Directions for this task:
This exercise requires an exact output of the listing, images omitted.

Source data:

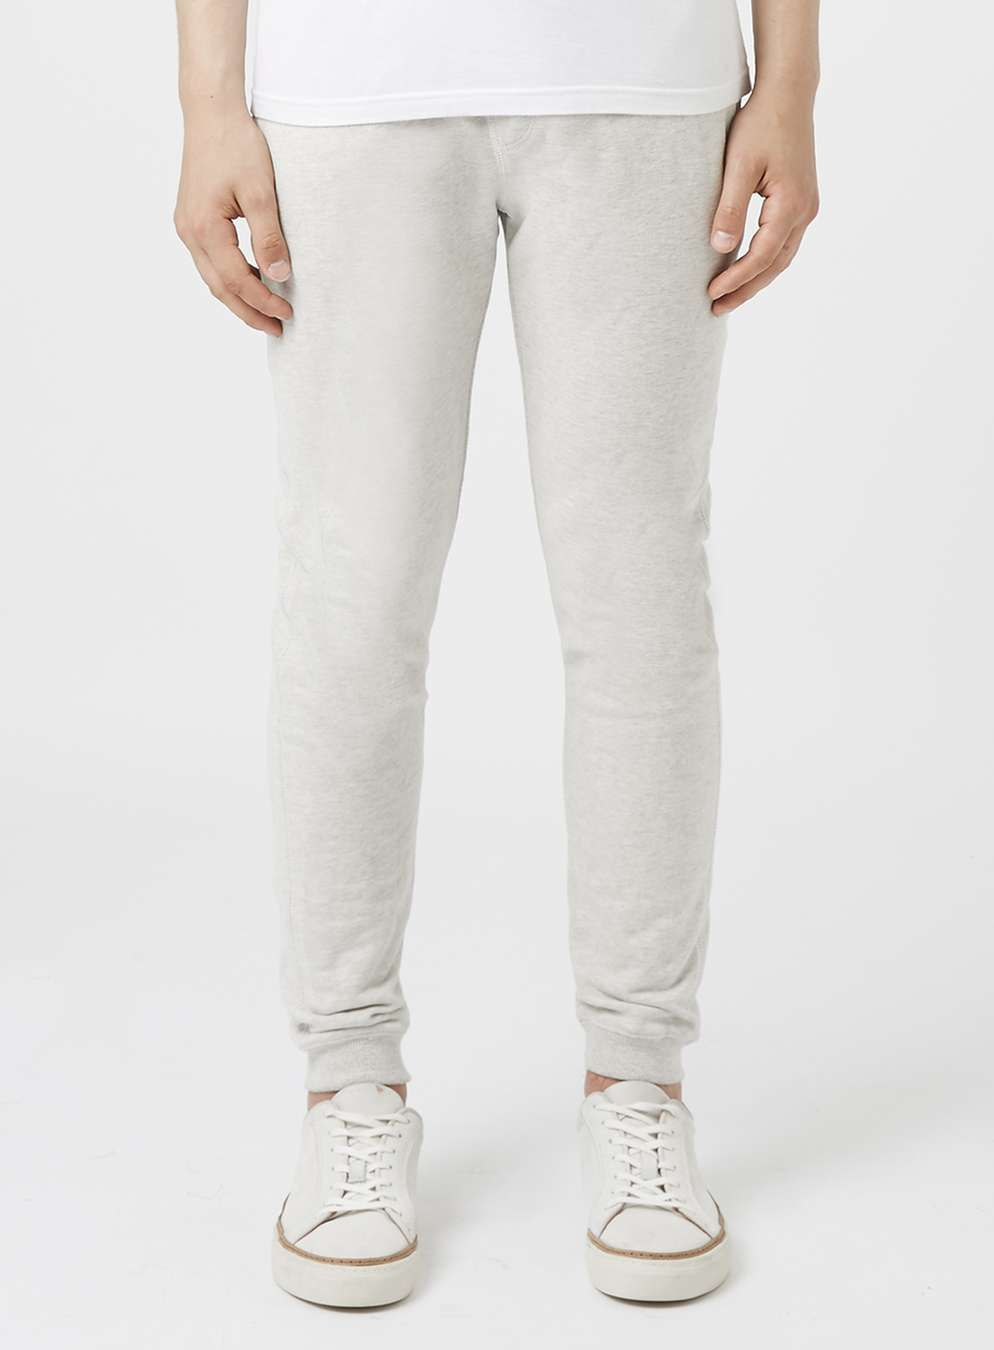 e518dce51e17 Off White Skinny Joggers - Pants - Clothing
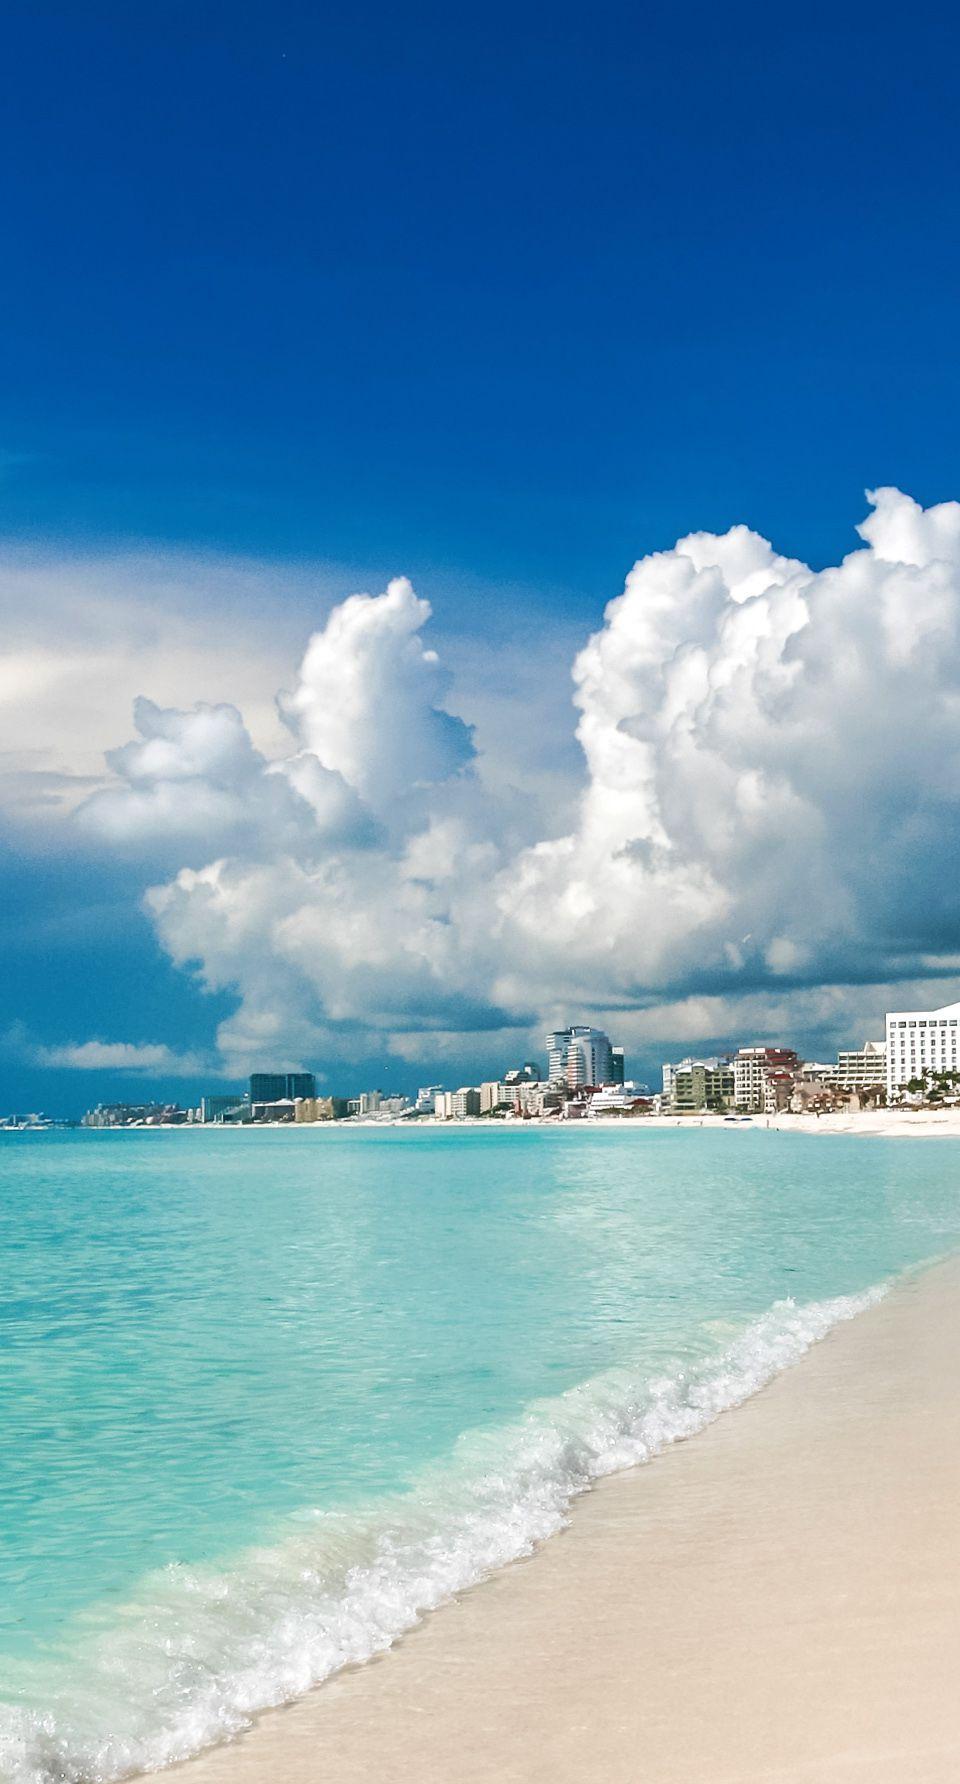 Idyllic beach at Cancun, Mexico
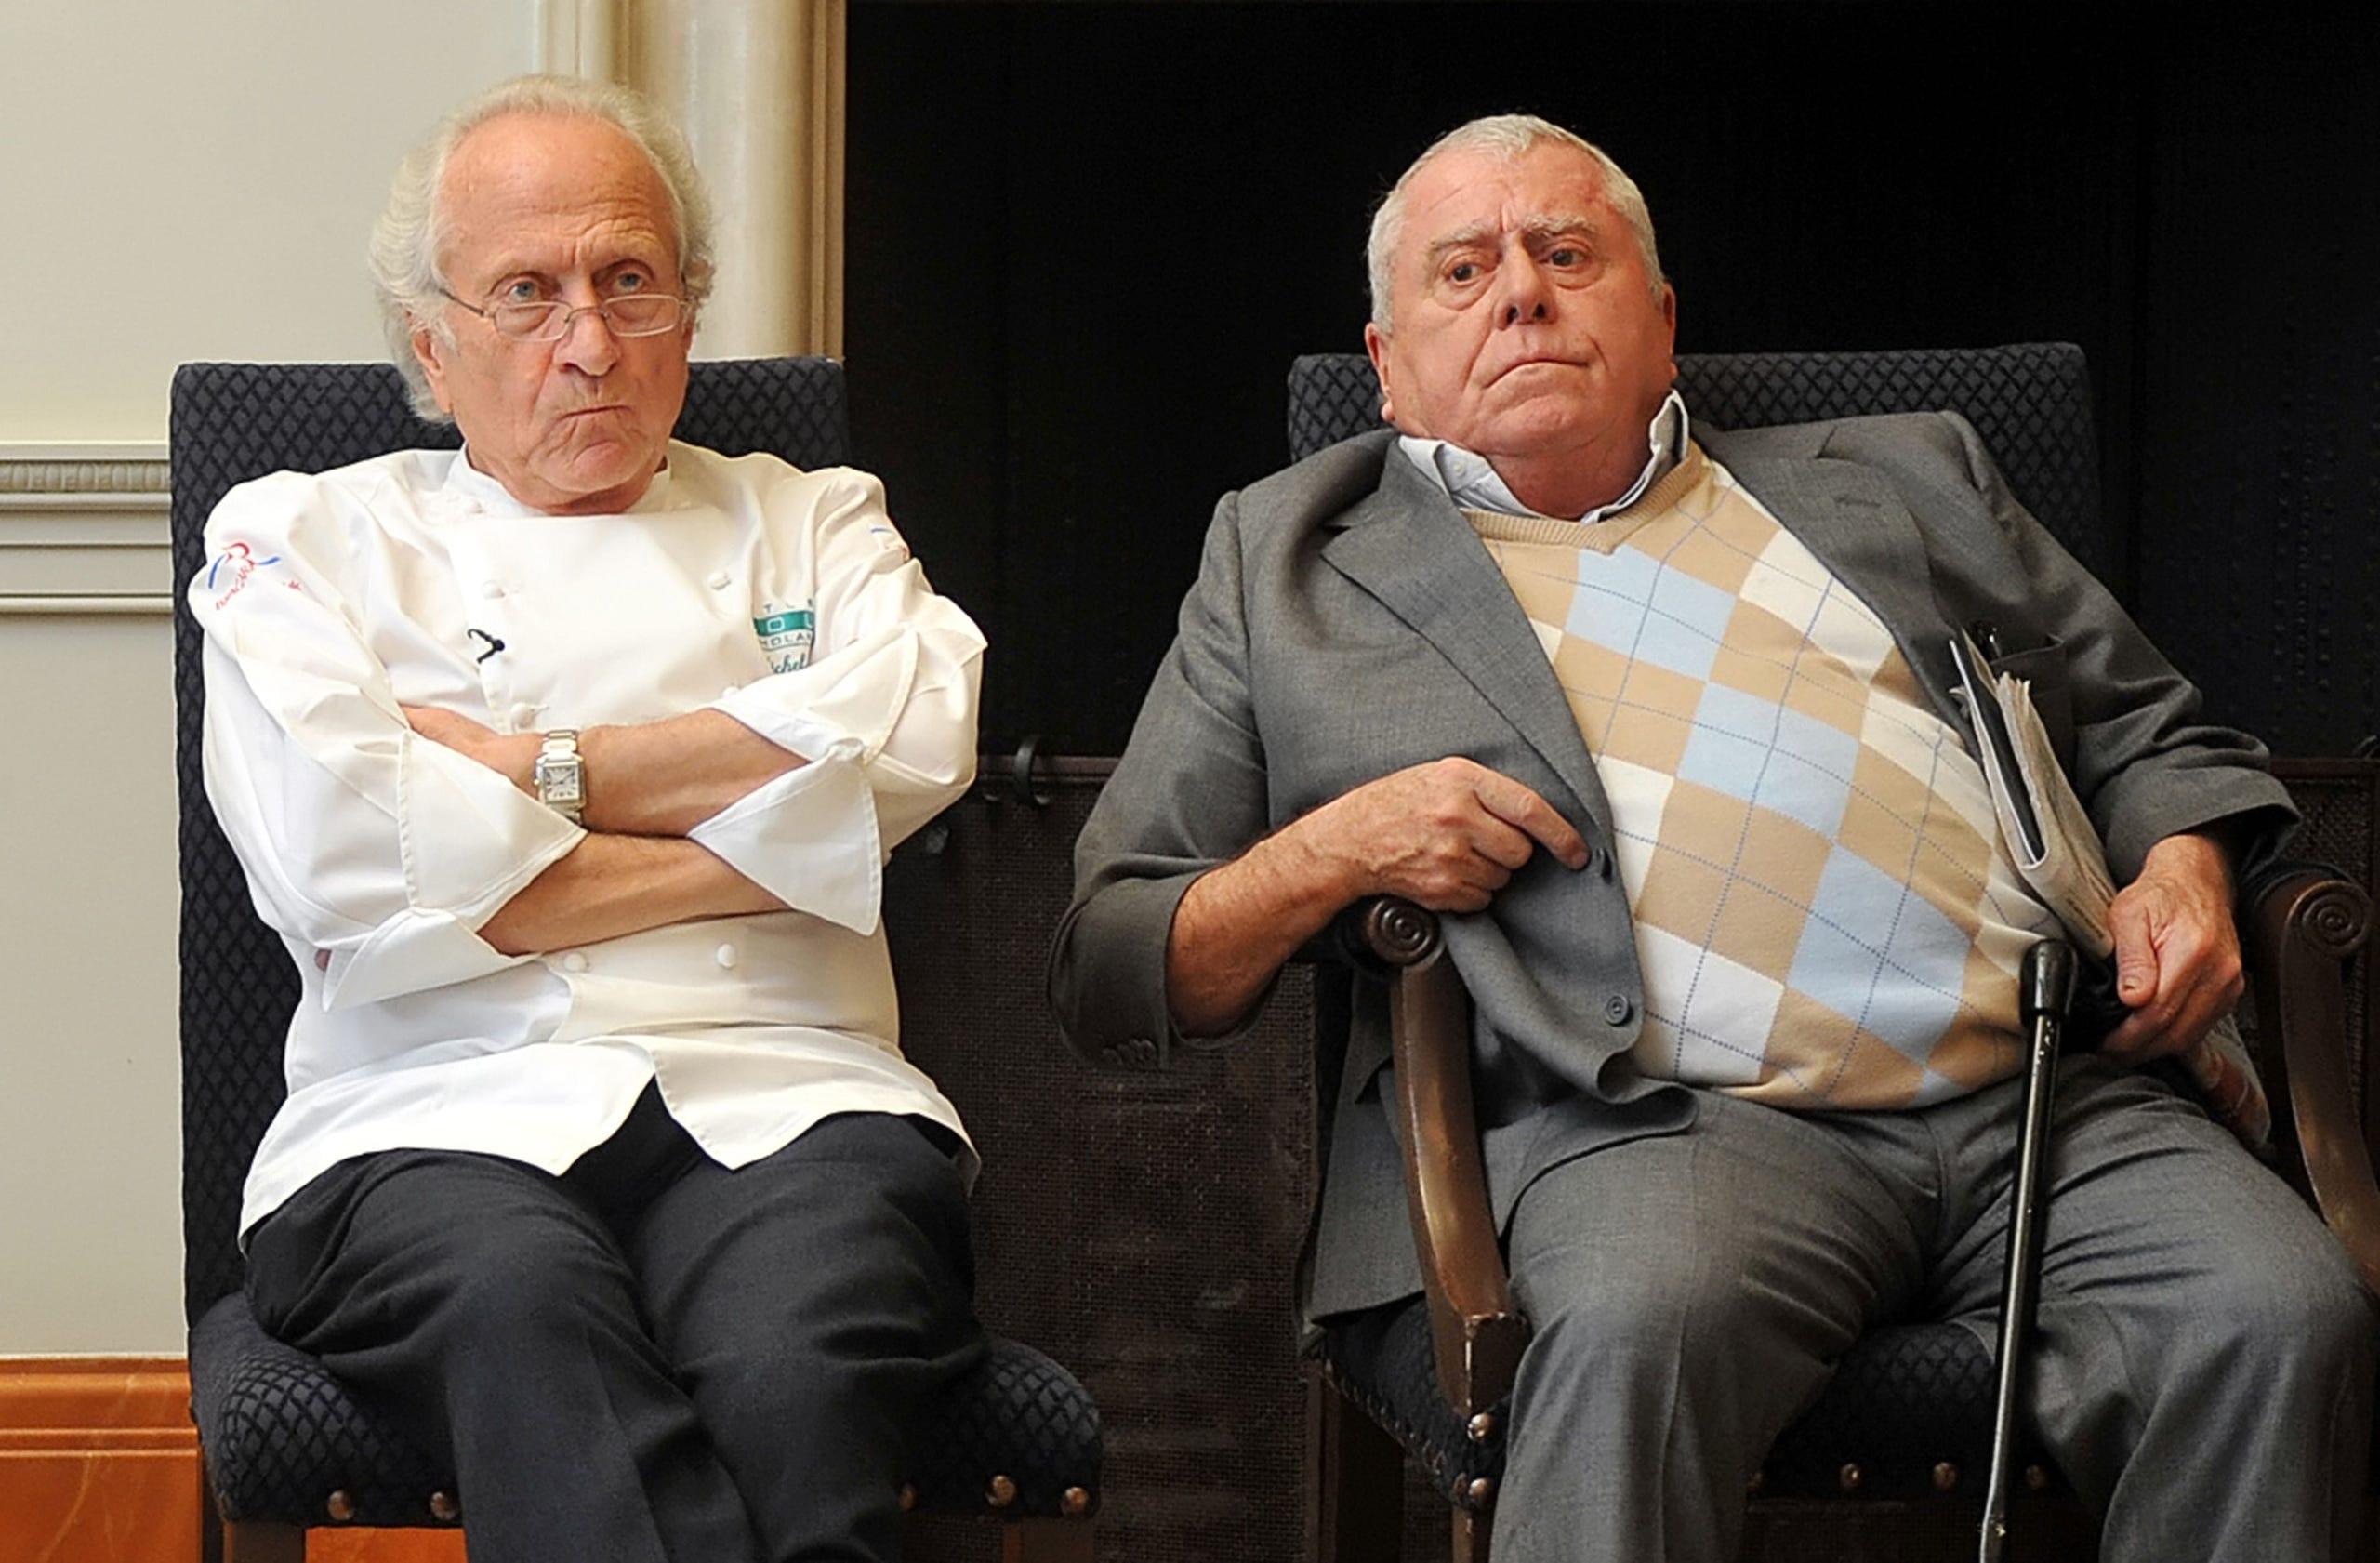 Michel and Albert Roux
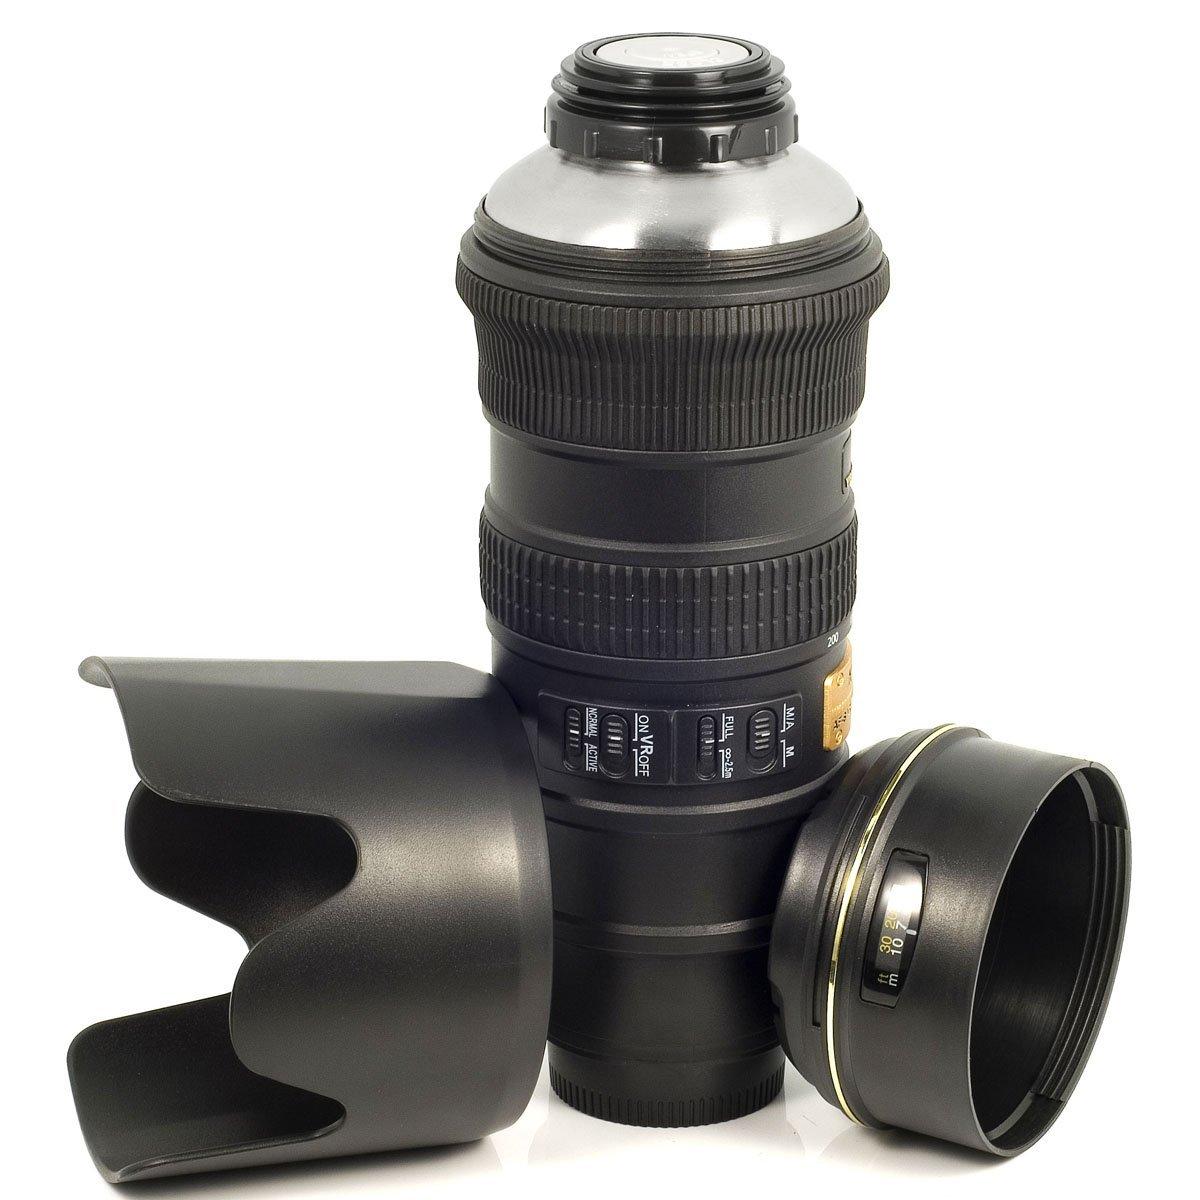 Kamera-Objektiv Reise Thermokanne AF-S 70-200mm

Task output:
 e518dce51e17 Off White Skinny Joggers - Pants - Clothing
 Idyllic beach at Cancun, Mexico
 Michel and Albert Roux
 Kamera-Objektiv Reise Thermokanne AF-S 70-200mm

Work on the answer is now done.